Some readers of this blog may not remember – or be aware of what was – the world of media standards before MPEG came to the fore. Thirty years ago competences were scattered in ISO, IEC and ITU in ways that may appear illogical today but responded to the logic “I and my industry peers gather in one place and develop standards for our own needs”. For instance, there was a committee in charge of audio recording, another for cinematography and yet another for telephony speech, not to say about photography, set top boxes and more. You can get a complete picture here.
The logic driving the licensing of the necessary technology was a consequence of this mindset. A company that had developed and marketed a successful product would bring the specification to the appropriate committee, get a stamp on it and license the technology to all companies wishing to practice the standard. As everybody “spoke the same language” the licence would naturally be configured in the way all practicing entities would expect it to be.
Then came MPEG and all these committees either disappeared or got reconfigured. The scenario of many committees developing “many vertical media standards” was replaced by a single committee – MPEG – developing “single horizontal media standards”.
Of course, after a quarter of century of technology and (partly) industry convergence, no one would think of creating standards for such old-style “verticals”.
The fact that the MPEG-2 standard served the specific digital television industry and that most patent holders would actually practise it explains how it was possible to create the MPEG-2 Video (and Systems) technology and license it to those digital television users.
Problems started to appear some 20 years ago after MPEG-4 Visual (ISO/IEC 14496-2). The licence developed for that standard charged those streaming MPEG-4 Visual content for the duration of content streamed. The “IT industry” refused those licensing terms because they did not suit their business model. In response to this void a number of companies offered – with alternate fortunes – video streaming and other IT services.
The MPEG-4 AVC standard (ISO/IEC 14496-10) fared definitely better because the AVC licence corrected the terms considered most outrageous by the IT industry while still satisfying the needs of the broadcasting and consumer electronics industries.
In hindsight we should have expected that the licensing of the HEVC technology would find the difficulties we know. More than 15 years after MPEG-4 Visual and AVC, digital video is a technology used by many disparate industries. Still we are not back to the time of vertical standards as 30 years ago because the roles of the industries are now mapped to the layers of an ISO/OSI (or equivalent) model, not to separate non-communicating mutually agnostic silos.

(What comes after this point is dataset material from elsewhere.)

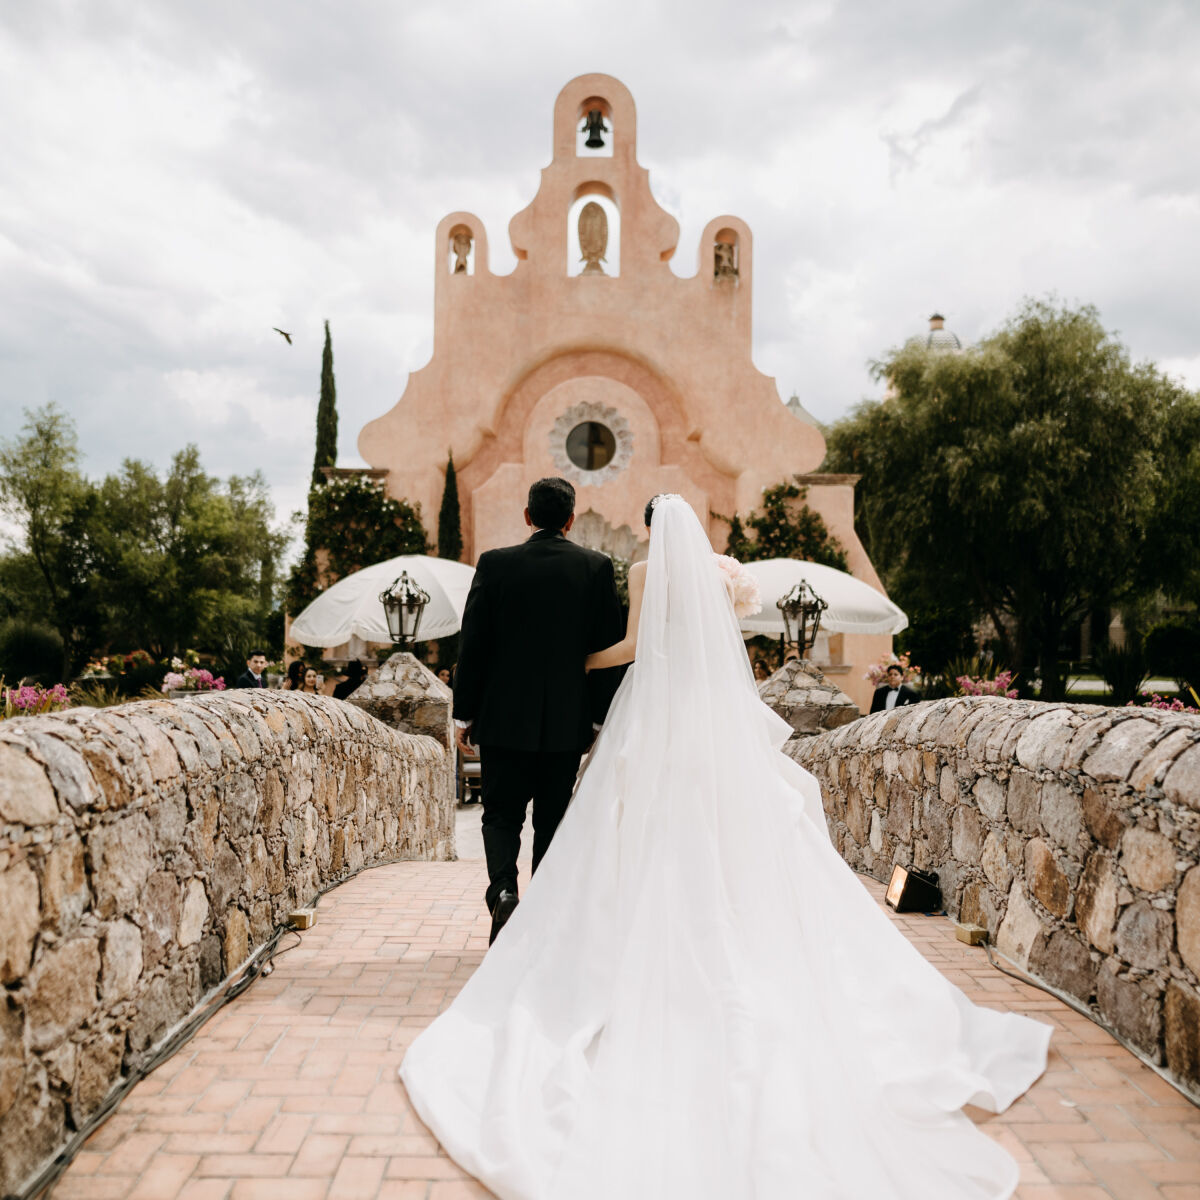 Mexican Wedding Venues | Mexico Wedding Venue | Mexico Weddings

The business models of the different industries generate different needs but in MPEG they are forced to develop standards according to a single business model imposed by the ISO/IEC/ITU patent policy. Here is a summary of it (for ISO/IEC)
- Companies who believe they have Intellectual Property (IP) in an ISO/IEC standard should file a declaration with the ISO and IEC secretariats declaring their intention to license their IP for free (Option 1), FRAND (Option 2) or not license it at all (Option 3);
- IP holders are not required to identify the patents and the specific claims in the patents;
- ISO/IEC do not take position on those declarations but simply record them;
- Committees developing standards are not allowed to assess patent declarations, they have to comply with them;
- Licensing of ISO/IEC standards shall be developed outside ISO/IEC.

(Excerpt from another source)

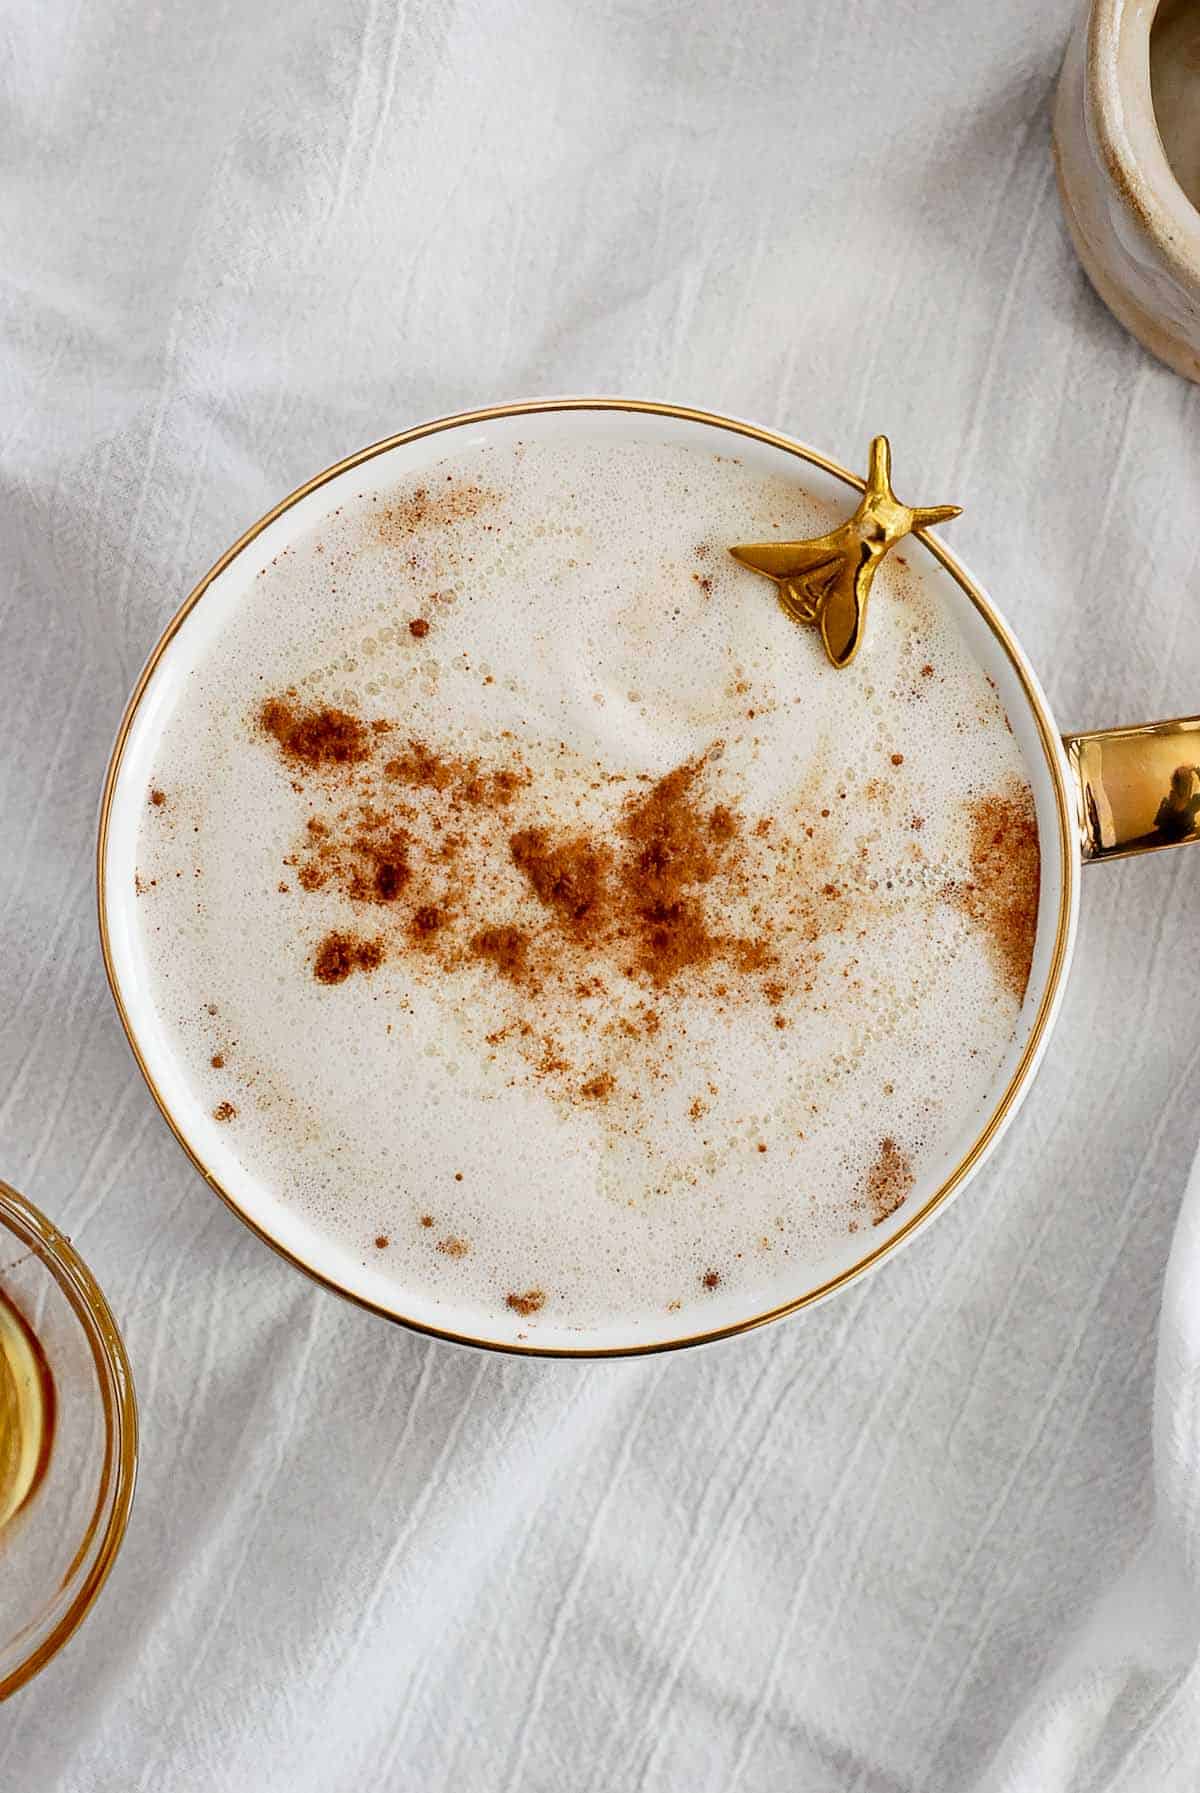 honey oatmilk latte in mug with spoon peeking out.

I believe that item 5 of the patent policy should remain untouched and so should probably be items 4 and 3. But item 2 prevents MPEG from taking corrective measures if ISO/IEC receive an Option 2 patent declaration against a standard that is intended to be “royalty free” or an Option 3 declaration against a standard that is intended to be FRAND, if the declarations fail to identify the claimed infringed technology.
The bottom line is that ISO, instead of siding with one of its committees developing a standard sides to satisfy a legitimate business model, sides with reticent patent holders.

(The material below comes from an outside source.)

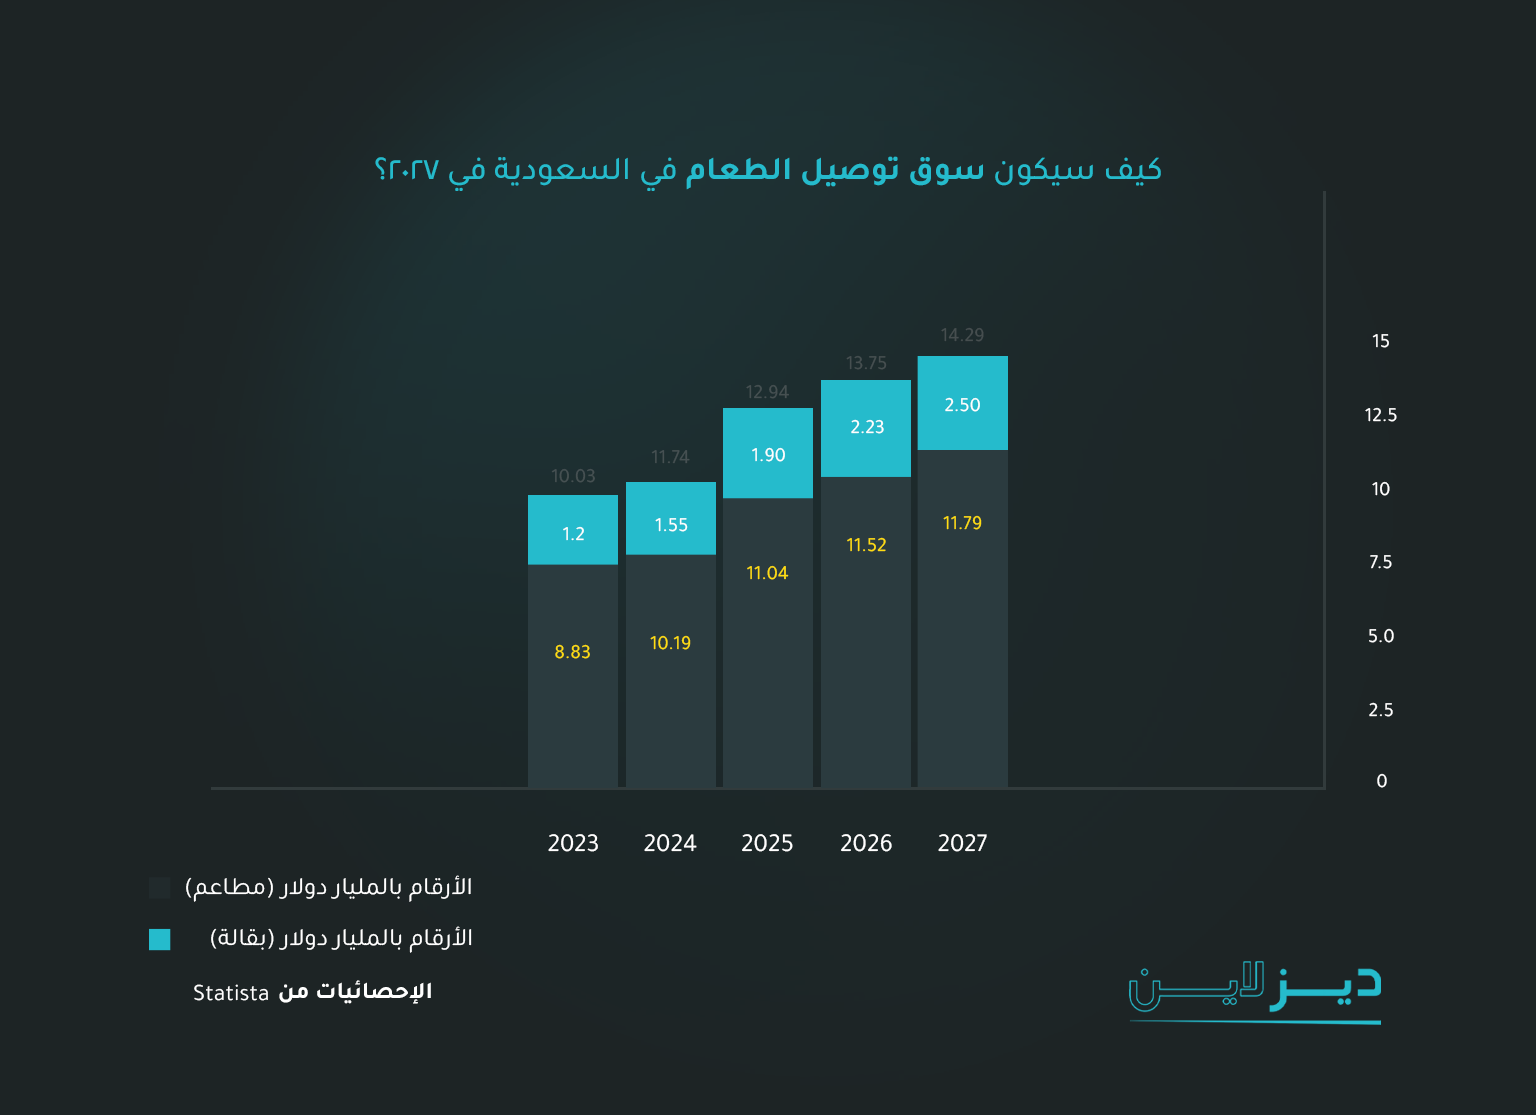 كيف سيكون سوق توصيل الطعام في السعودية في 2027؟

ISO/IEC should allow the development of international standards that satisfy a business model that a committee freely adopts. This requires that the committee should have the freedom to remove patents from a standard that a third party does not wish to be used in support of the committee’s business model.
I do not have to say that a committee that adopts a business model is not developing a licence. Indeed we are simply recreating the situation of 30 years ago when each committee operated according to the shared business models of the industries populating it.